Em Audiência Pública, Executivo apresenta devolutiva após recebimento de propostas para Lei de Zoneamento
A Câmara Municipal de Bauru promoveu na quarta-feira (23/3), uma Audiência Pública no plenário “Benedito Moreira Pinto”, para apresentação do conteúdo, status e cronograma do Plano Diretor e Lei de Zoneamento do município.
O encontro foi conduzido pelo vereador Mané Losila (MDB) e contou com a presença dos vereadores Markinho Souza (PSDB), Junior Lokadora (PP), Estela Almagro (PT), Pastor Edson Miguel (Republicanos), Chiara Ranieri (DEM), Serginho Brum (PDT), Marcelo Afonso (Patriota) e Junior Rodrigues (PSD).
Estiveram representando o Poder Executivo, o secretário de Planejamento, Nilson Ghirardello, acompanhado da coordenadora executiva da Equipe Executiva de Revisão da Comissão responsável pela Revisão do Plano Diretor do Município de Bauru, Erica Lemos Gulinelli, e das arquitetas Natasha Lamônica Moinhos e Ellen Beatriz Santos de Castro.

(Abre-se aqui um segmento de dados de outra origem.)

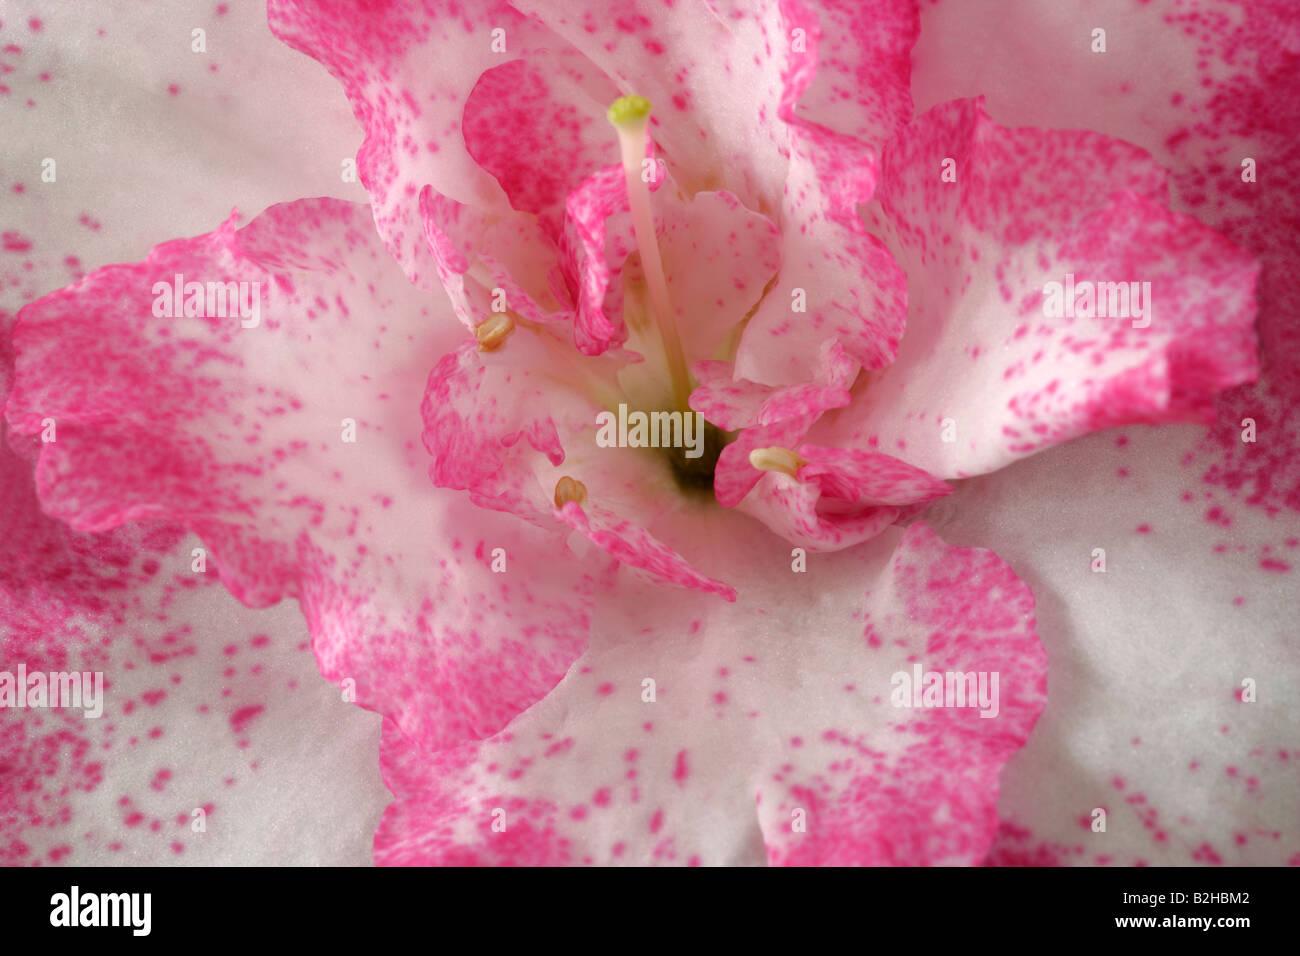 Azaleas flowering shrub afterimage backcloth background image backdrop close up pattern still patterns stills - Stock Image

Também participaram de maneira presencial no Plenário da Casa de Leis, o representante do Movimento de Lideranças de Bairros (MLB) – Vila Dutra, Jesus Adriano dos Santos; o Nelson Fio, do movimento popular; o arquiteto e professor José Xaides de Sampaio Alves; os empresários Fabio Celerindo de Almeida e Rafael Santana; o morador há 30 anos da Chácaras Cornélia, Gilberto Sampaio; o representante da Associação dos Engenheiros e Arquitetos de Bauru (Assenag), arquiteto Emerson Crivelli; o representante do Sindicato dos Taxistas, Caminhoneiros e Transportadores Autônomos de Bauru e Região, Erasmo Cesar Pontes; o presidente da Associação de Moradores da Comunidade do Pousada da Esperança Recreativa, Ricardo Alexandre Pereira; a arquiteta Andréia Ortolani; os representantes da Associação de Moradores e Proprietários do Jardim Estoril II e III, Luiz Ferreira Ruiz, Elio Paulo Coradi, Alexandre Ferreira e Nelson Rodrigues, além dos moradores do bairro Cássia Regina Osti, Bruno Rodini Filho, Célio Henrique Grizoni, Zéphilo Grizoni Neto, Daniel Henrique Grizoni, Vinícius de Jesus Ribas e demais moradores.
Discussão
O secretário de Planejamento, Nilson Ghirardello, apresentou a devolutiva após recebimento de propostas da Lei de Parcelamento, Uso e Ocupação do Solo (Luos), o relatório das atividades do ano de 2021 e o cronograma até a entrega da proposta de lei ao Poder Legislativo.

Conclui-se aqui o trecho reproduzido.